Normalizing by scaled Zscore mean absolute deviation of log intensity

The "Normalize by Zscore of log intensity, mean absolute deviation" method normalizes each hybridized sample by the mean and mean absolute deviation of the logs of the raw intensities for all of the spots in that sample. The mean log intensity mnLI_i and the mean absolute deviation log intensity madLI_i are computed for the log of raw intensity of 'Good genes'. Then the Zscore intensity ZlogA_ij for HP i and spot j is

     ZlogA_ij = (log(I_ij) - mnLI_i)/madLI_i

By 'User Normalization Gene Set'

This method is useful a subset of genes have been determined to have relatively constant expression across the set of samples. It normalizes by the sum of intensities for a subset of genes defined by the user in the 'User Normalization Gene Set' (Section 2.3.2)using the gene set editing commands. Normalizing by the sum of genes uses the Igs_ij that is computed for microarray HPi with intensities I_ij for all genes j in the gene subset.

     Igs_i = Sum (I_ij)
        	   _{genes j}
        	   _{i in HPi}

Then, the normalized intensity I'_ij is computed as:

      I'_ij =  I_ij/Igs_i

By 'Calibration DNA' set

If a predefined set of calibration DNA genes are available on the array, they may be used to normalize density values between the samples. The calibration DNA genes are defined by special gene names that are declared in the Configuration file using the 'calibDNAname' parameter (see Appendix C Table C.5.1(C)). If there is no calibration DNA, this entry is not used. The algorithm is the same as "User Normalization Gene Set" (above), but the set is predefined as the genes flagged as calibration DNA. For example, in the MGAP database, these spots are the "mouse genomic DNA" spots so the Configuration file entry would be calibDNAname="m.g. DNA".

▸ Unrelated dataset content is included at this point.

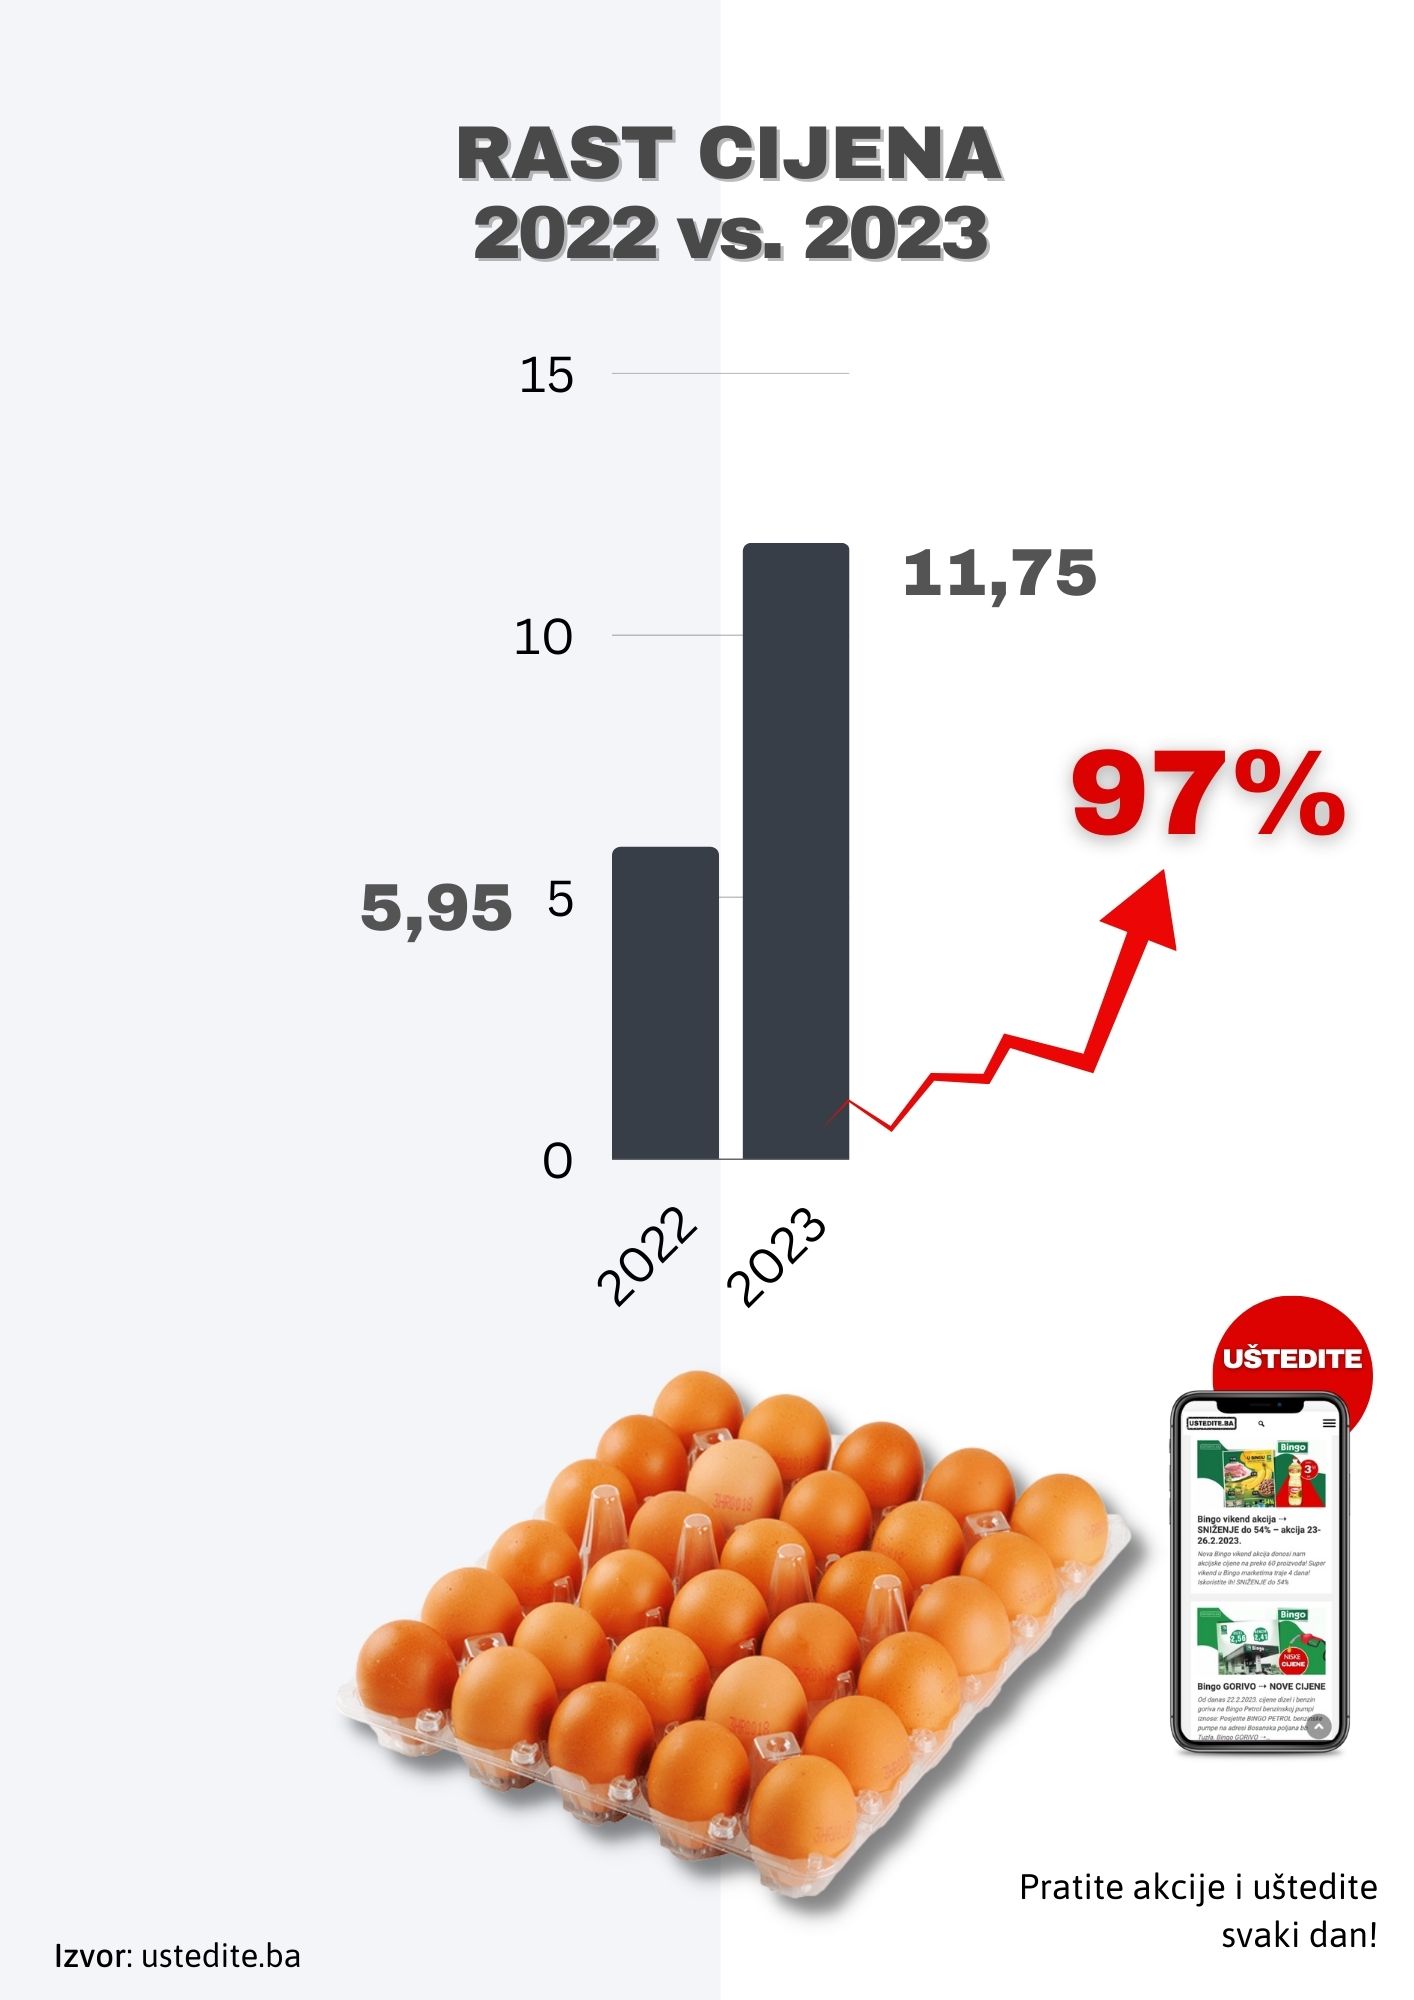 RAST CIJENA u BiH! Cijena jaja porasla za 97% u odnosu na prošlu godinu!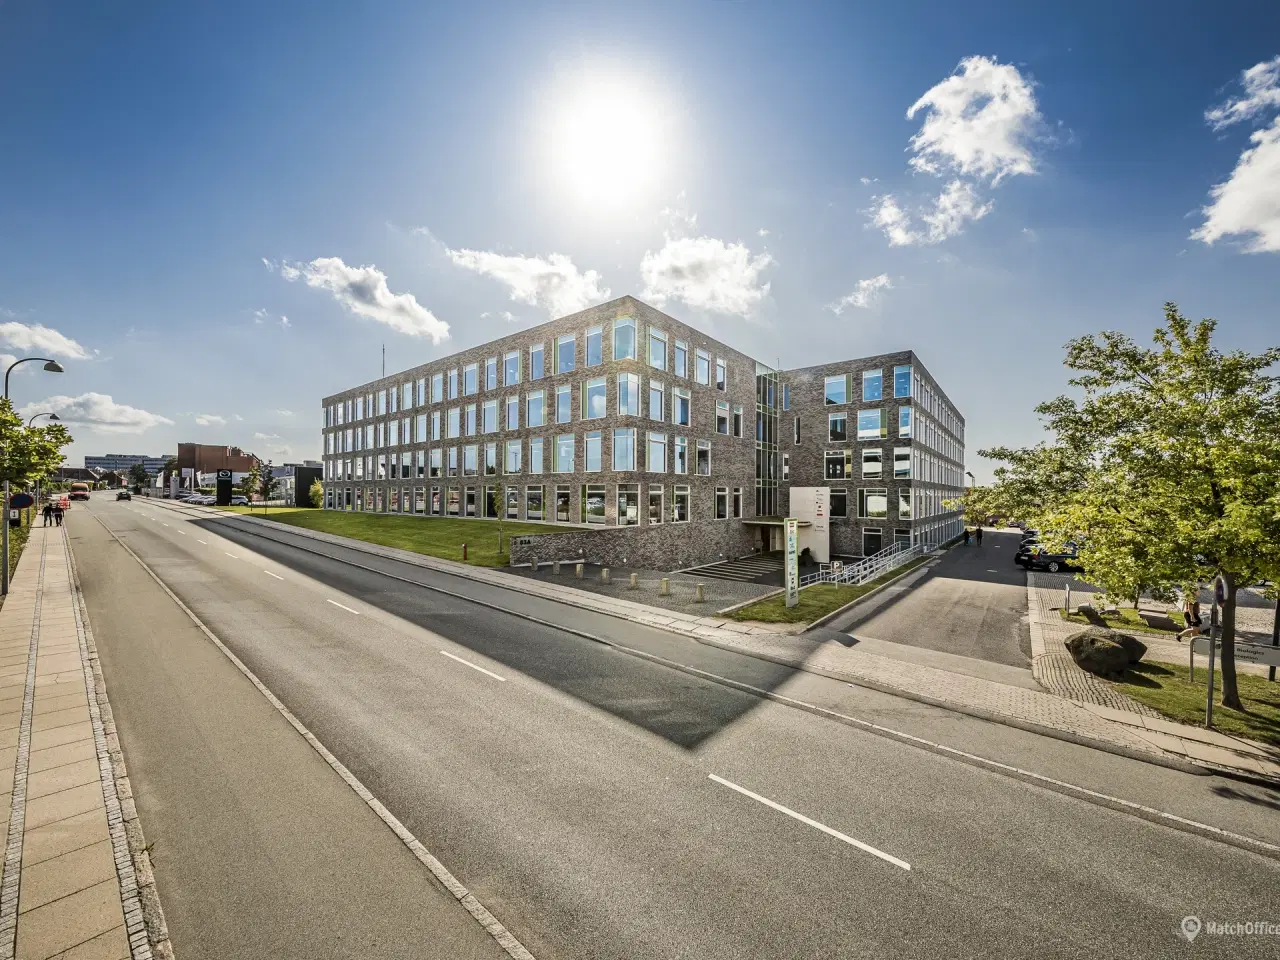 Billede 2 - Kontor i populært flerbrugerhus i Søborg

Figure 2.4.2.3 Scatter plot of HP-X and HP-Y 'sets' data. HP-X is C57B6 pregnancy day 13 and HP-Y is Stat5a (-,-) pregnancy day 13 filtered by "All named genes and ESTs". A) A scatter plot using the Median normalization. B) A scatter plot using the Zscore of the logs normalization. Notice how the Casein alpha outlier is more apparent in the case of the Zscore log normalization. The skewed plot is characteristic of much microarray data. Some normalization methods (not currently included in MAExplorer) can compensate for these some of these artifacts (Dutoit, 2000) and are planned for future MAEPlugins.